The problem:
What is needed is an exact copy of the listing, with no pictures in it.

Data excerpt:
----
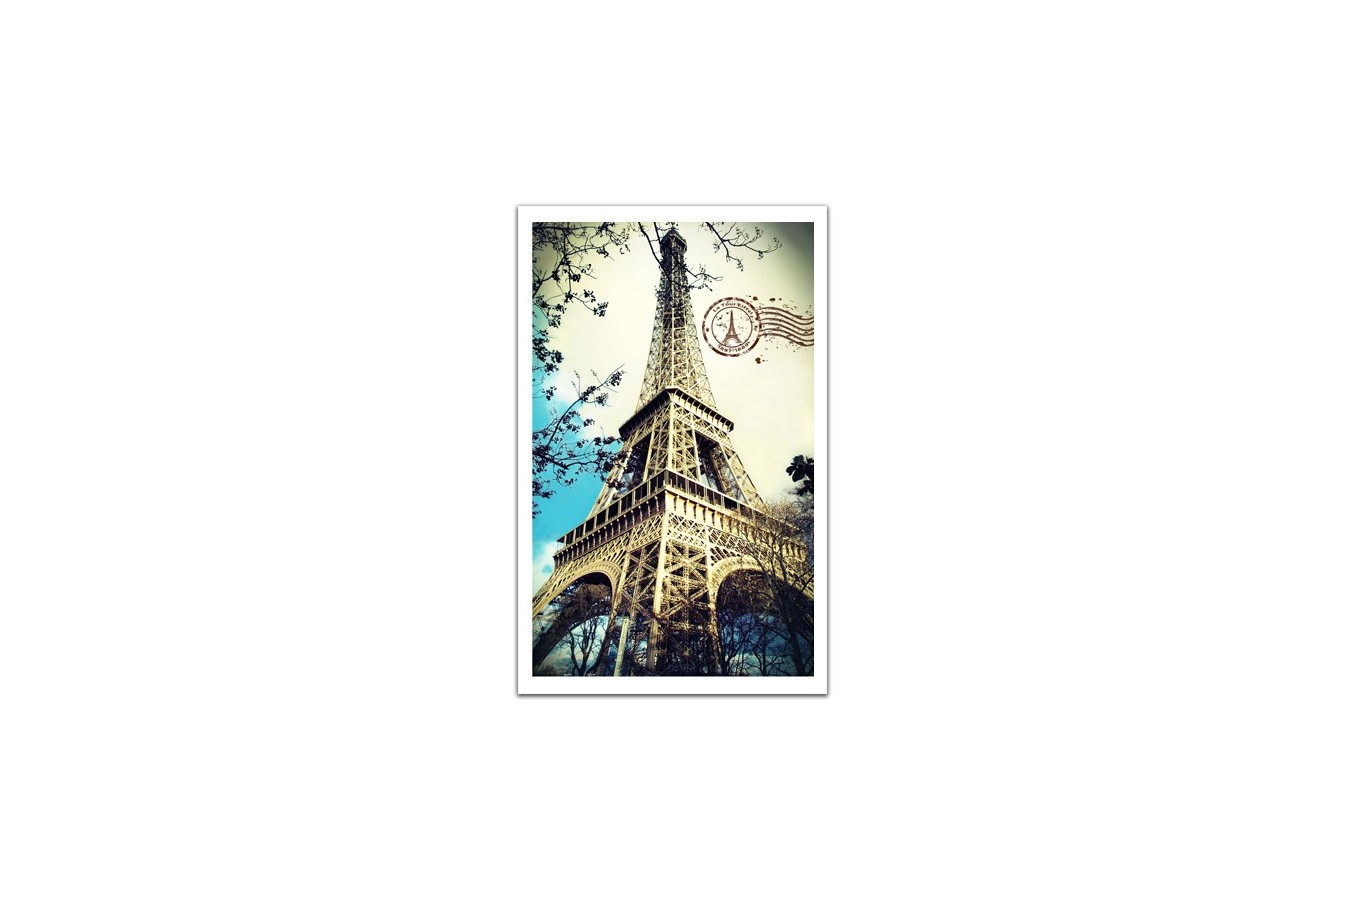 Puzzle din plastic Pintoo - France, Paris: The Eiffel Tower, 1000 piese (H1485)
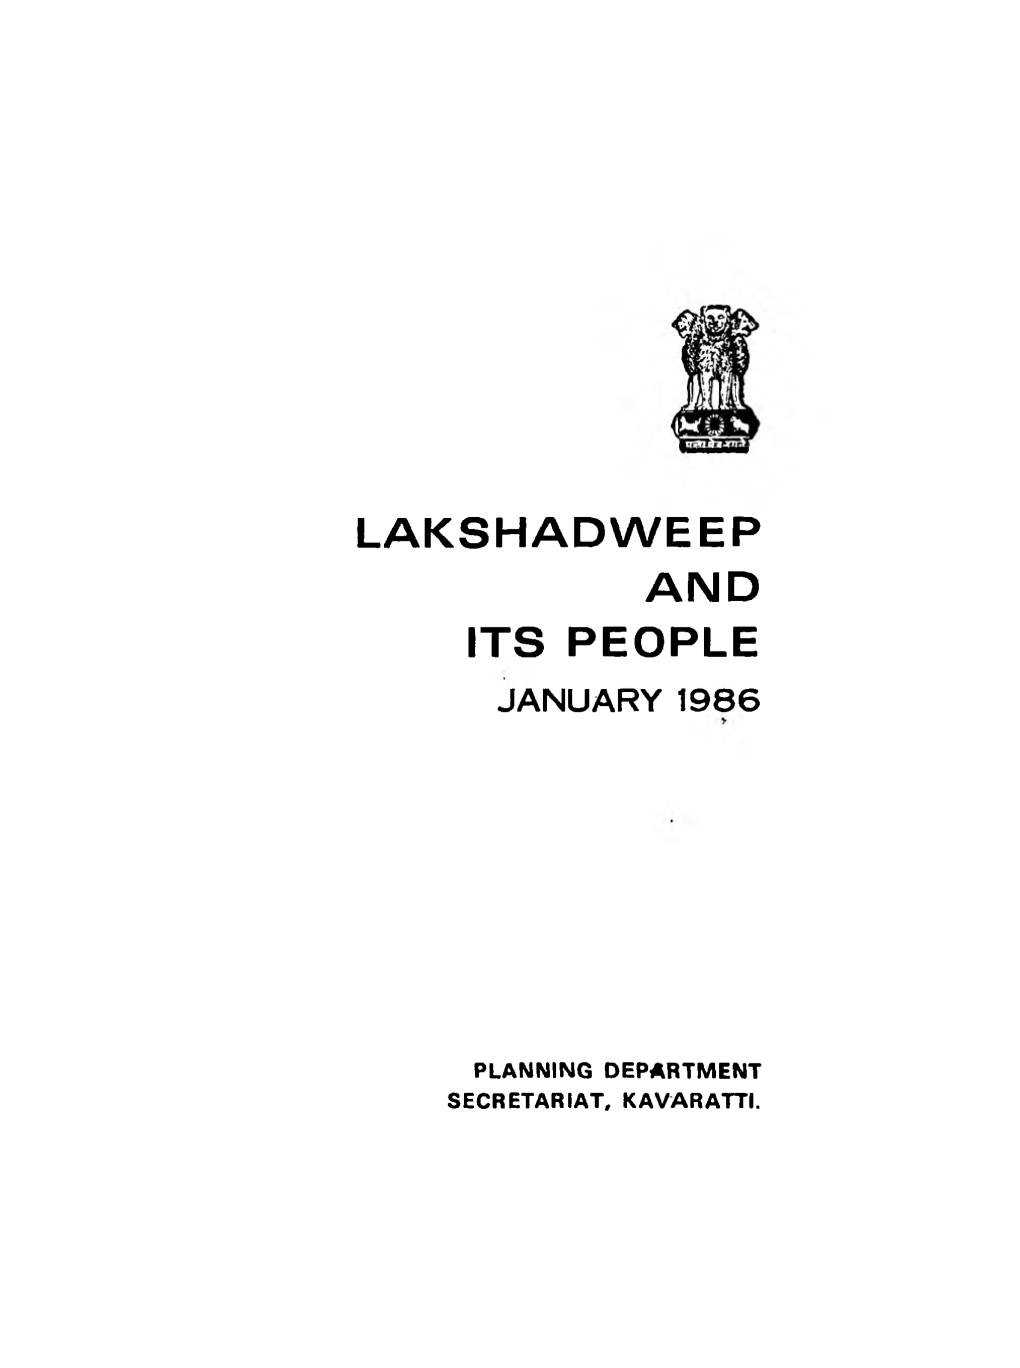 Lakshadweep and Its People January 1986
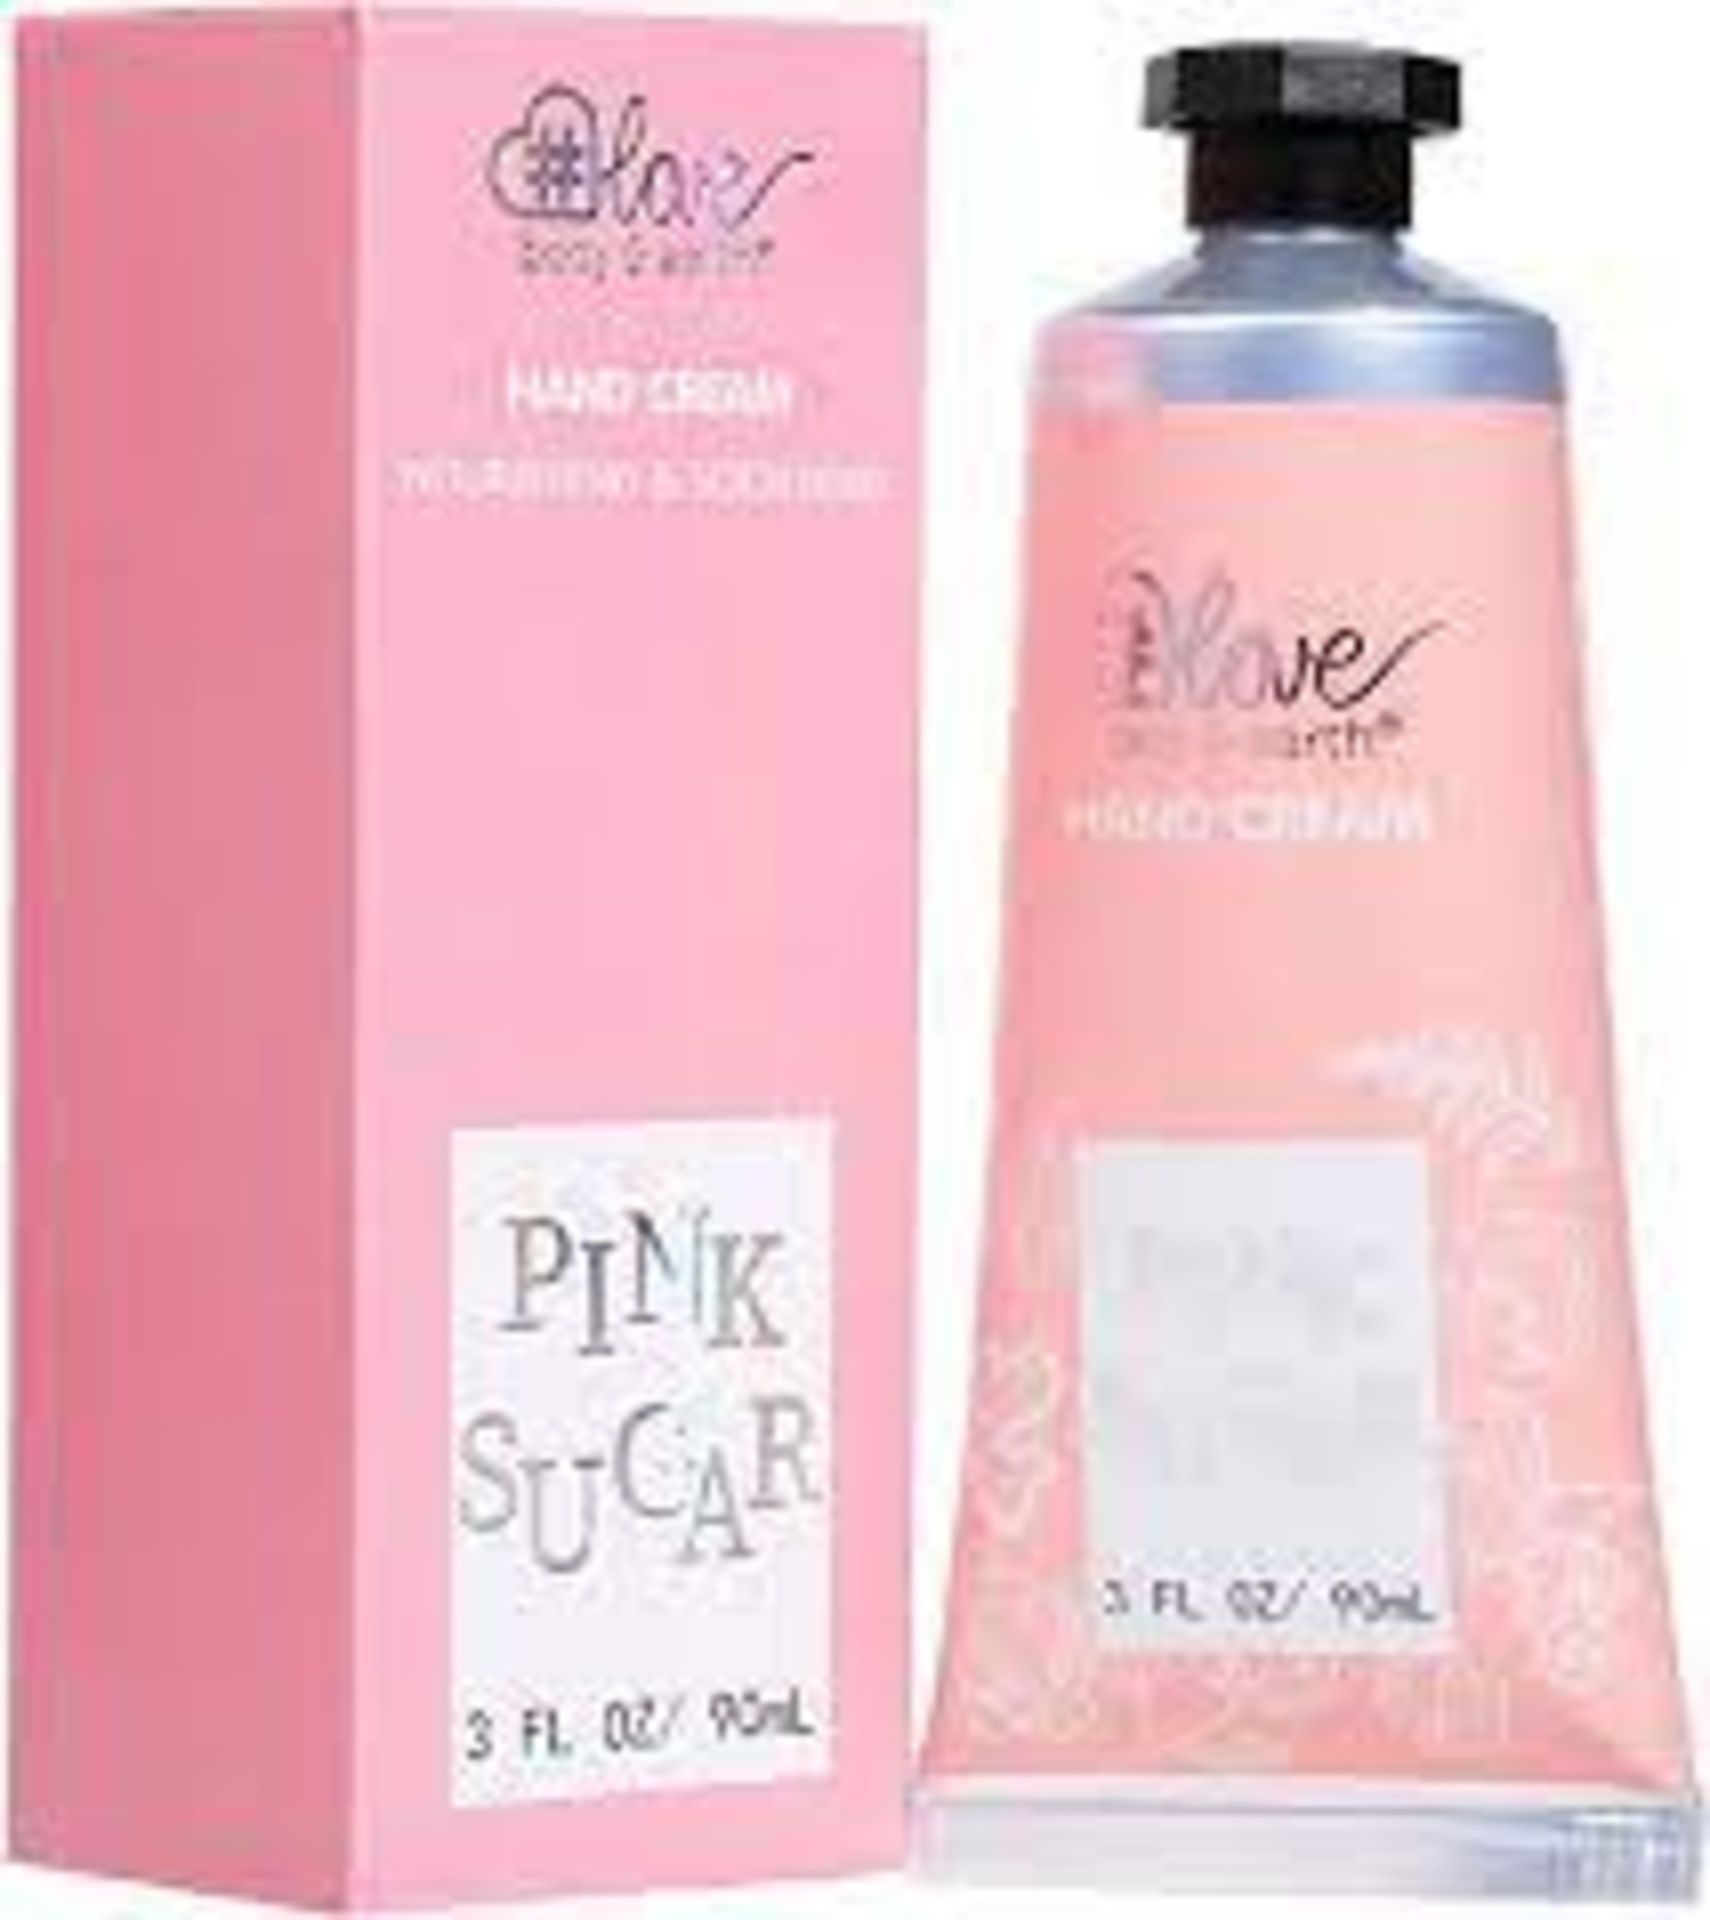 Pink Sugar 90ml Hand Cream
----
Result of this exercise:
 Puzzle din plastic Pintoo - France, Paris: The Eiffel Tower, 1000 piese (H1485)
 Lakshadweep and Its People January 1986
 Pink Sugar 90ml Hand Cream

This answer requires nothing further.